* [PROBLEM TO WORK ON] Copy every line of the data below exactly as given, except for the pictures.
-- INFORMATION PROVIDED follows --
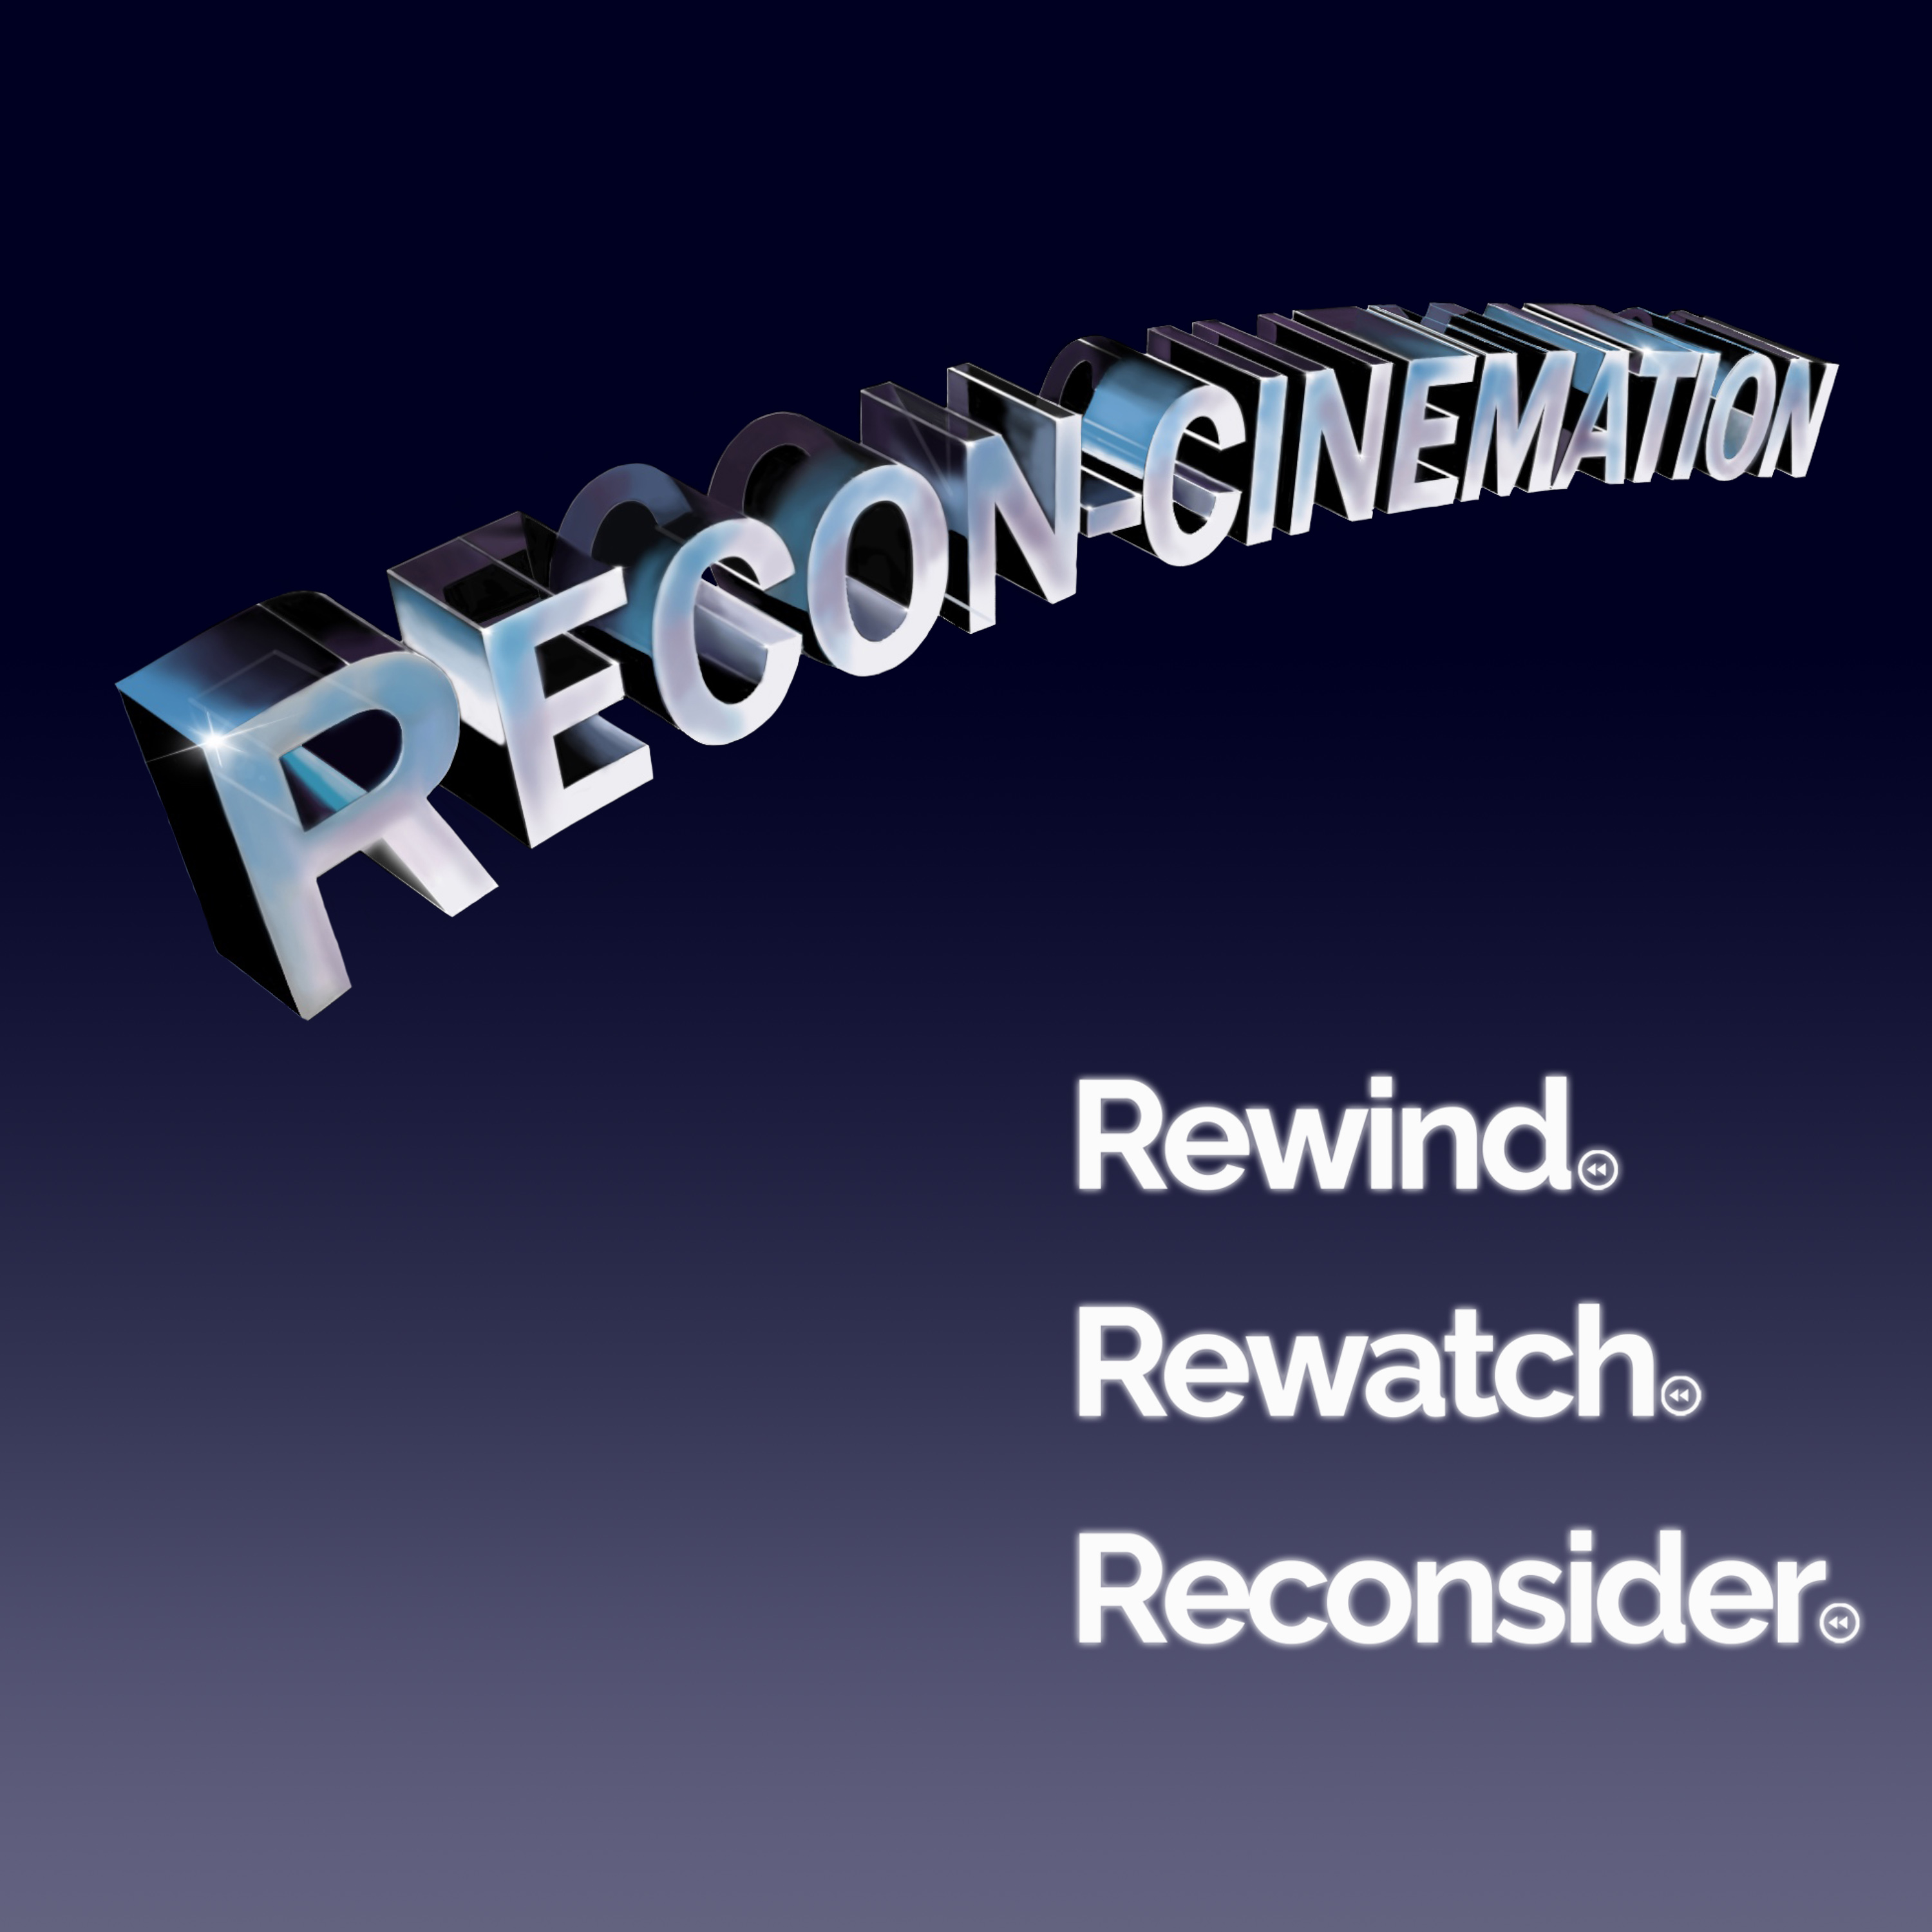 Recon-Cinemation Starts June 25!
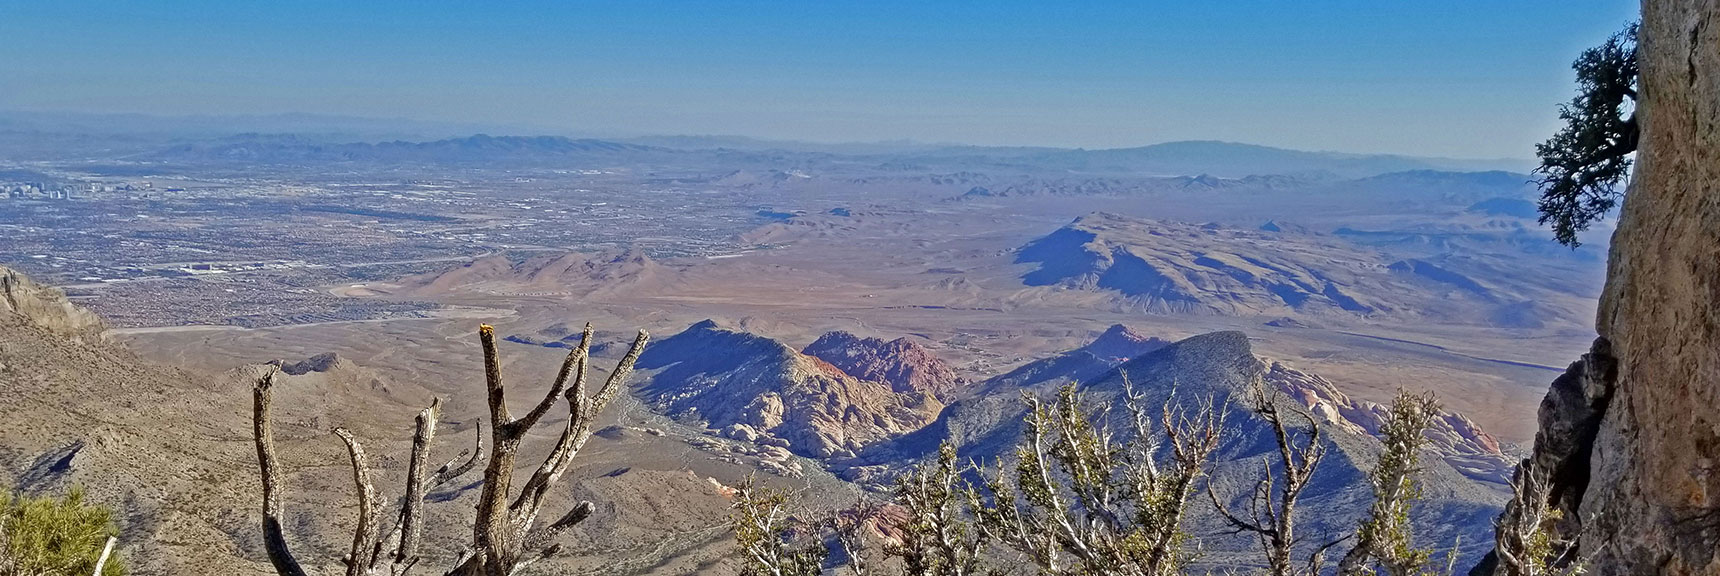 Calico Hills, Turtlehead Peak, Blue Diamond Mt and Las Vegas Valley | La Madre Mountain,, El Padre Mountain, Burnt Peak | La Madre Mountains Wilderness, Nevada
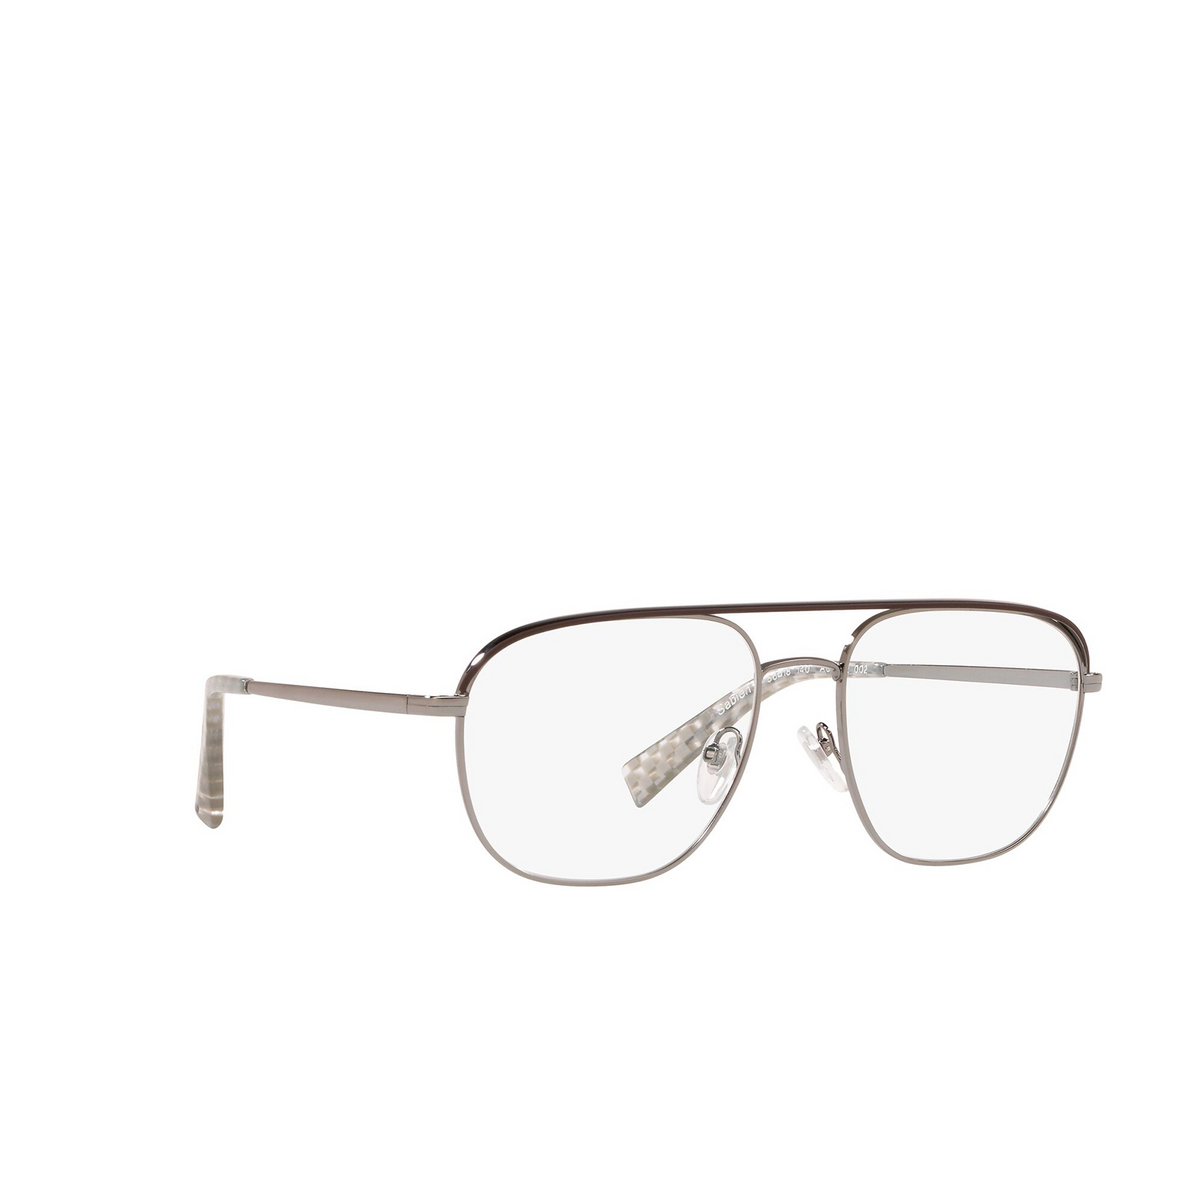 Alain Mikli® Aviator Eyeglasses: Sabien A02042 color Gunmetal / Matte Brown 002 - three-quarters view.
-- INFORMATION PROVIDED concluded --
* [REPLY TO THE TASK]
 Recon-Cinemation Starts June 25!
 Calico Hills, Turtlehead Peak, Blue Diamond Mt and Las Vegas Valley | La Madre Mountain,, El Padre Mountain, Burnt Peak | La Madre Mountains Wilderness, Nevada
 Alain Mikli® Aviator Eyeglasses: Sabien A02042 color Gunmetal / Matte Brown 002 - three-quarters view.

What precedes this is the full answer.